- **WORK INSTRUCTION**: Repeat the listing that follows character for character, omitting images.

- **DATA PROVIDED**:
▼▼▼

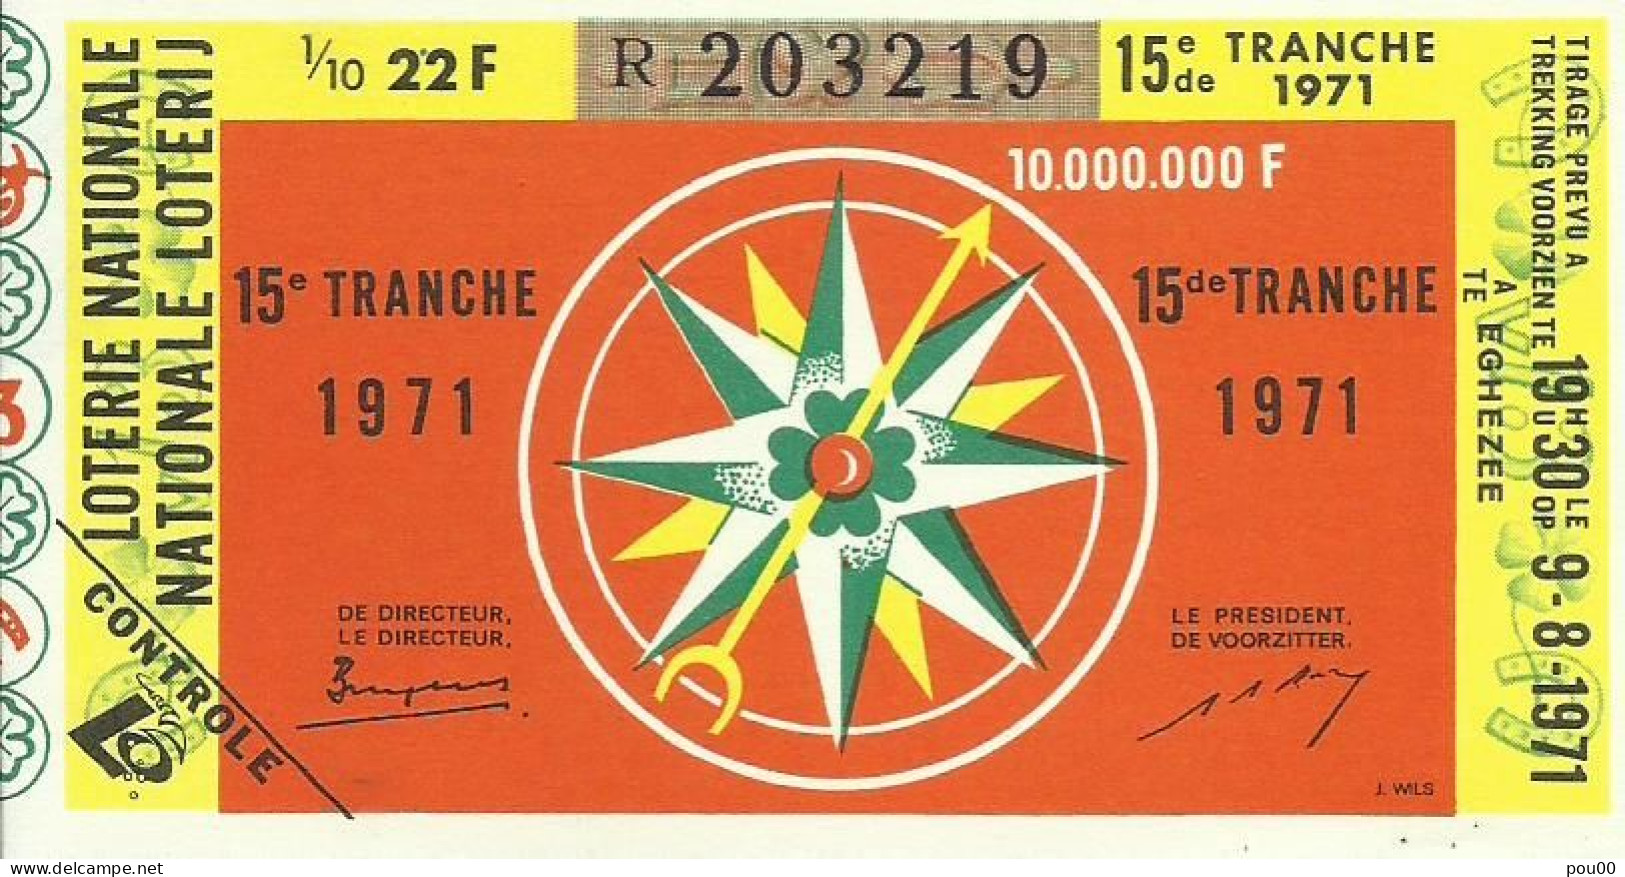 BELGIQUE BILLET DE LOTERIE - Billets De Loterie
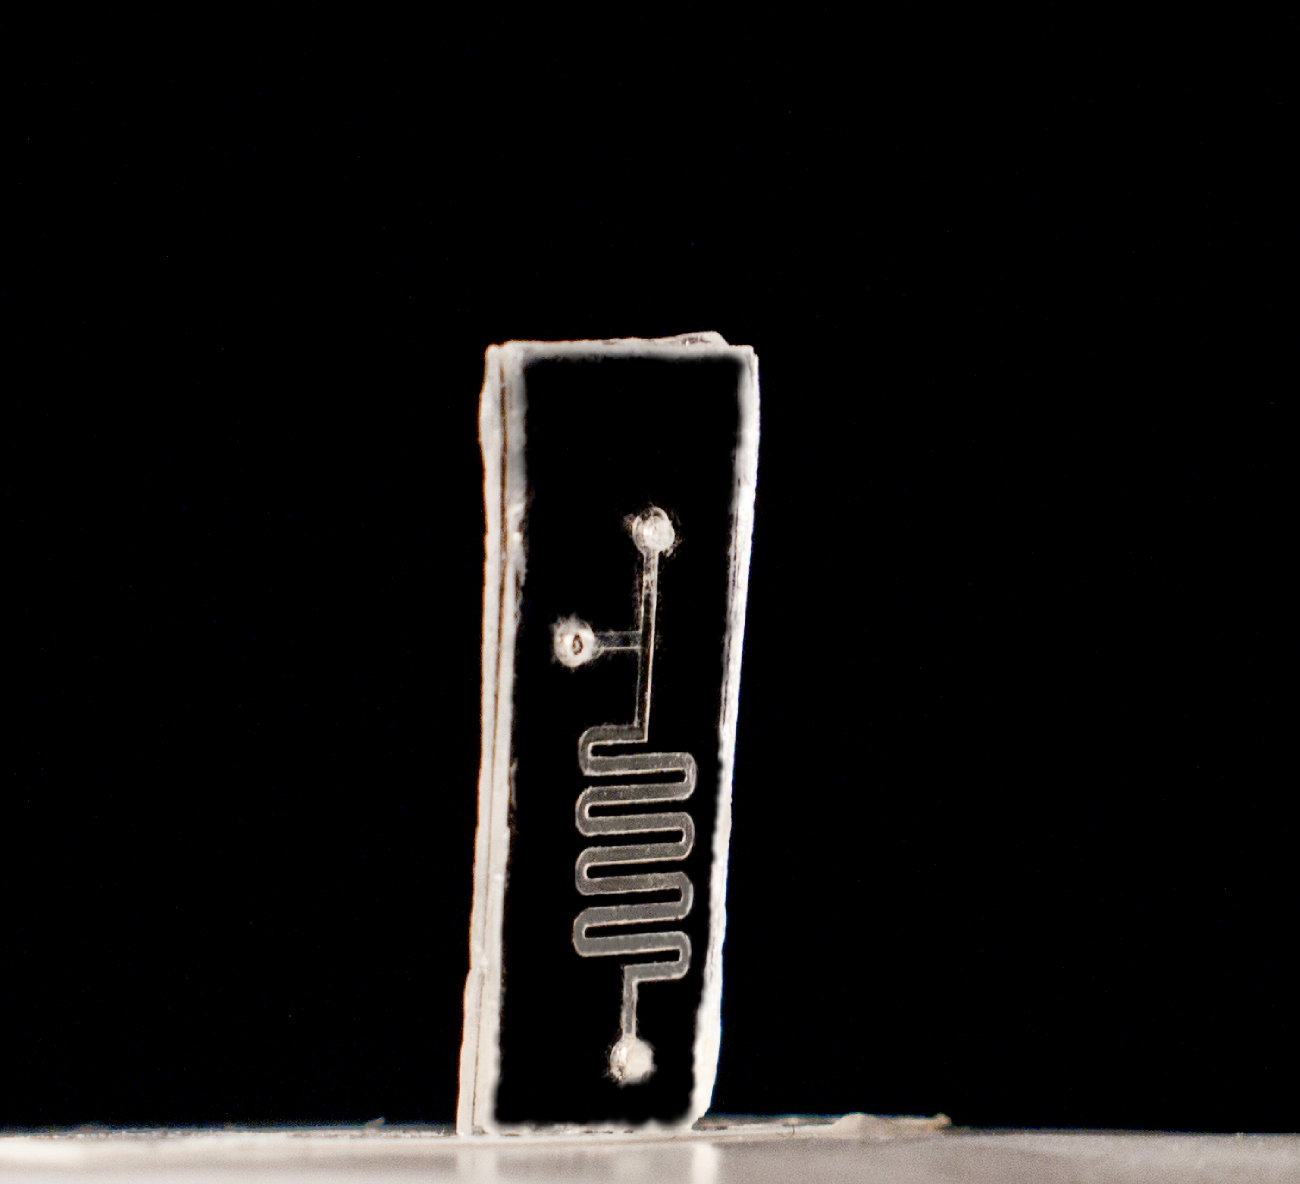 Glass microfluidic chip
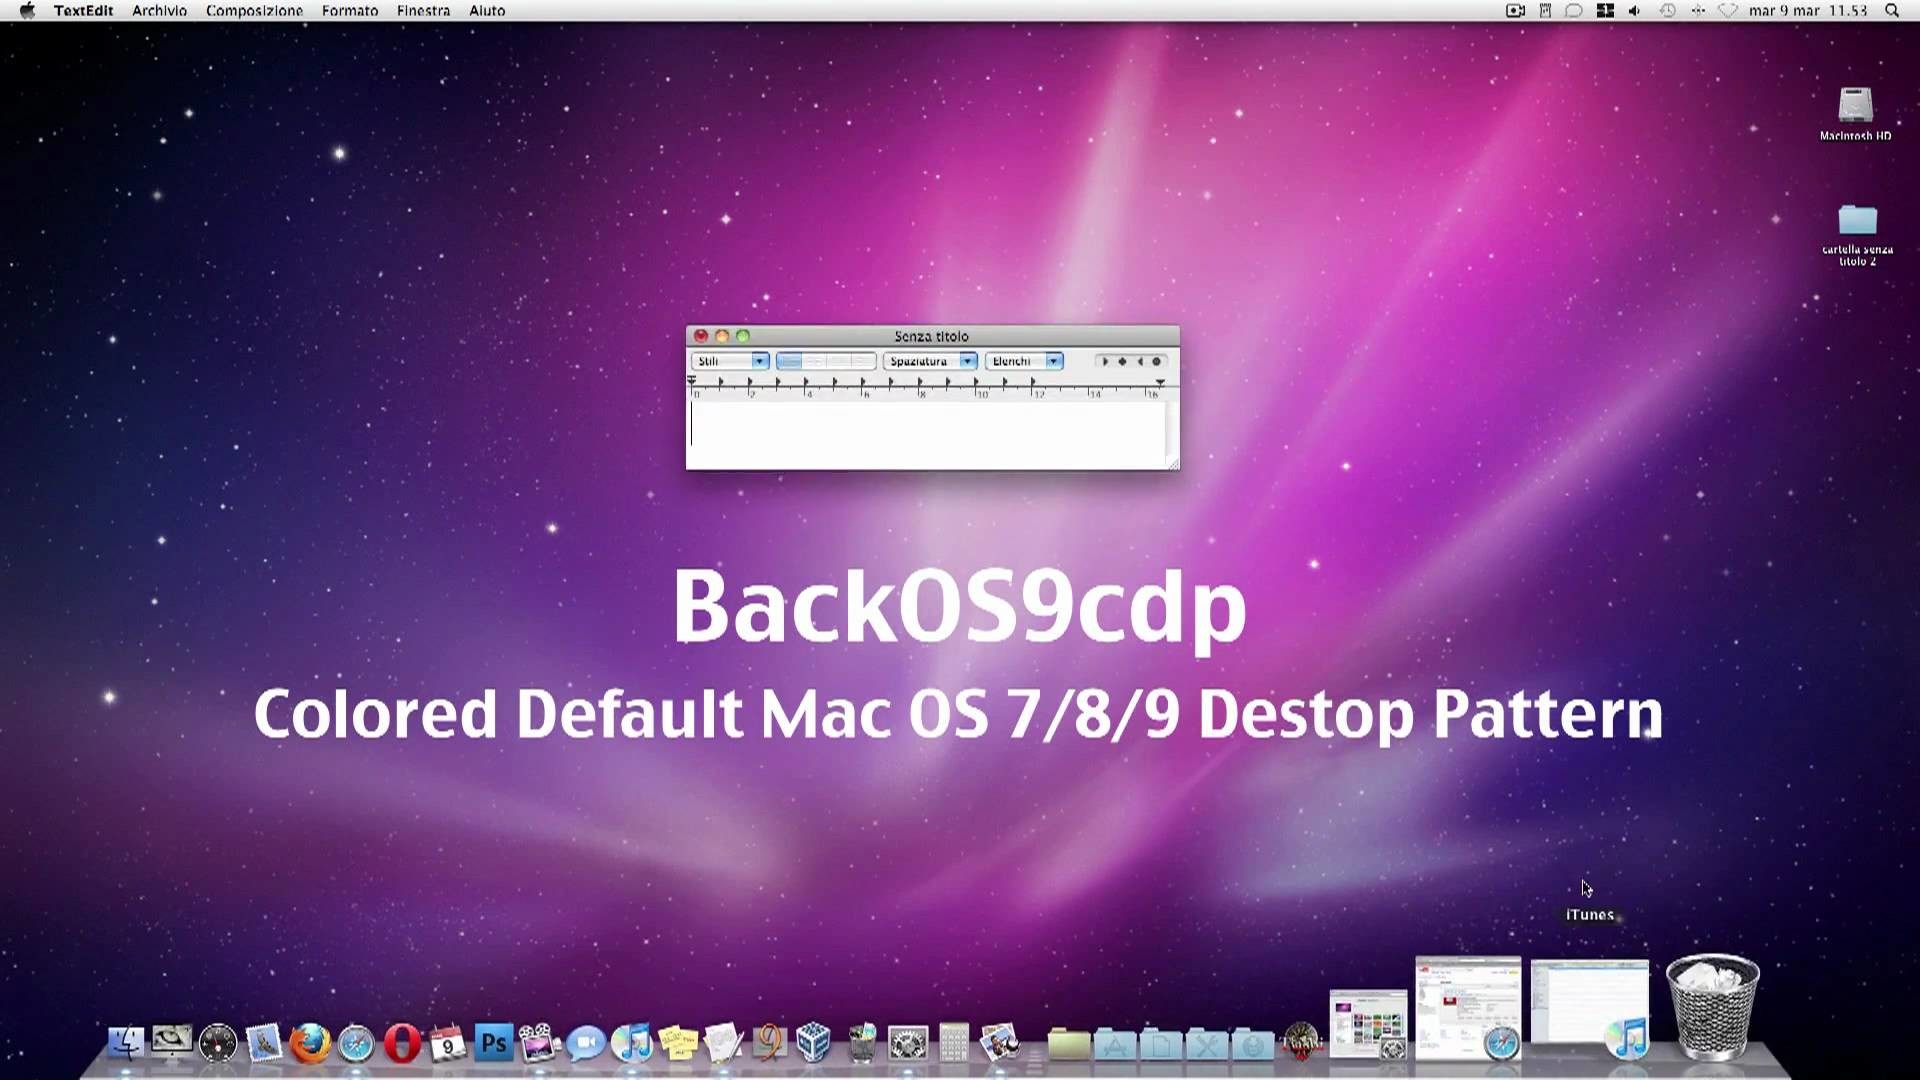 1920x1080 Cult wallpapers- Colored Default Mac OS 7/8/9 Desktop Pattern (BackOS9cdp)
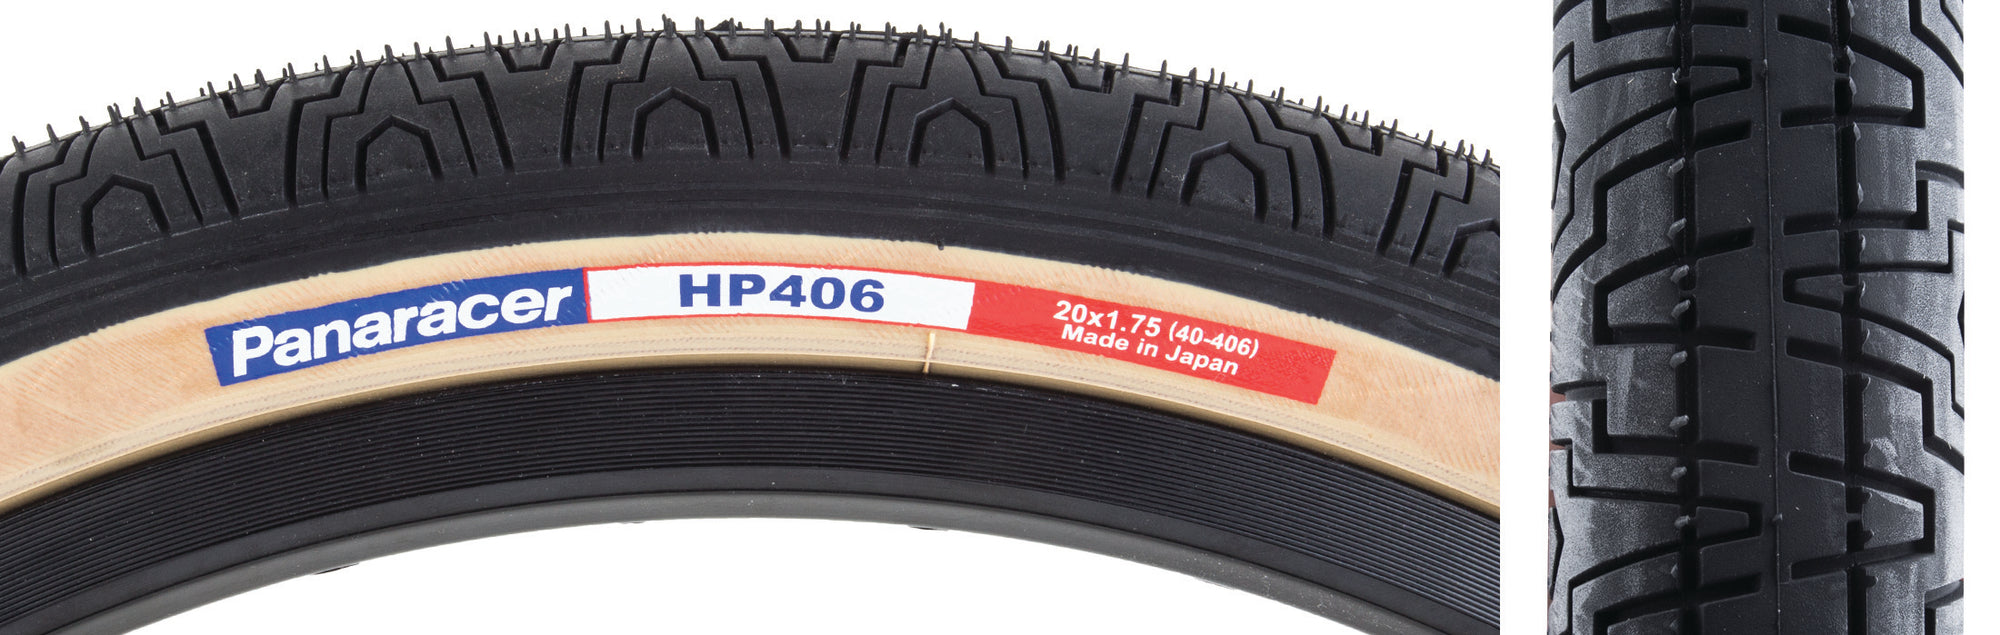 20x1.75 Panaracer HP406 Freestyle BMX tire - Black w/ Skinwall

▲▲▲

- **RESPONSE FOR THIS EXERCISE**:
 BELGIQUE BILLET DE LOTERIE - Billets De Loterie
 Glass microfluidic chip
 1920x1080 Cult wallpapers- Colored Default Mac OS 7/8/9 Desktop Pattern (BackOS9cdp)
 20x1.75 Panaracer HP406 Freestyle BMX tire - Black w/ Skinwall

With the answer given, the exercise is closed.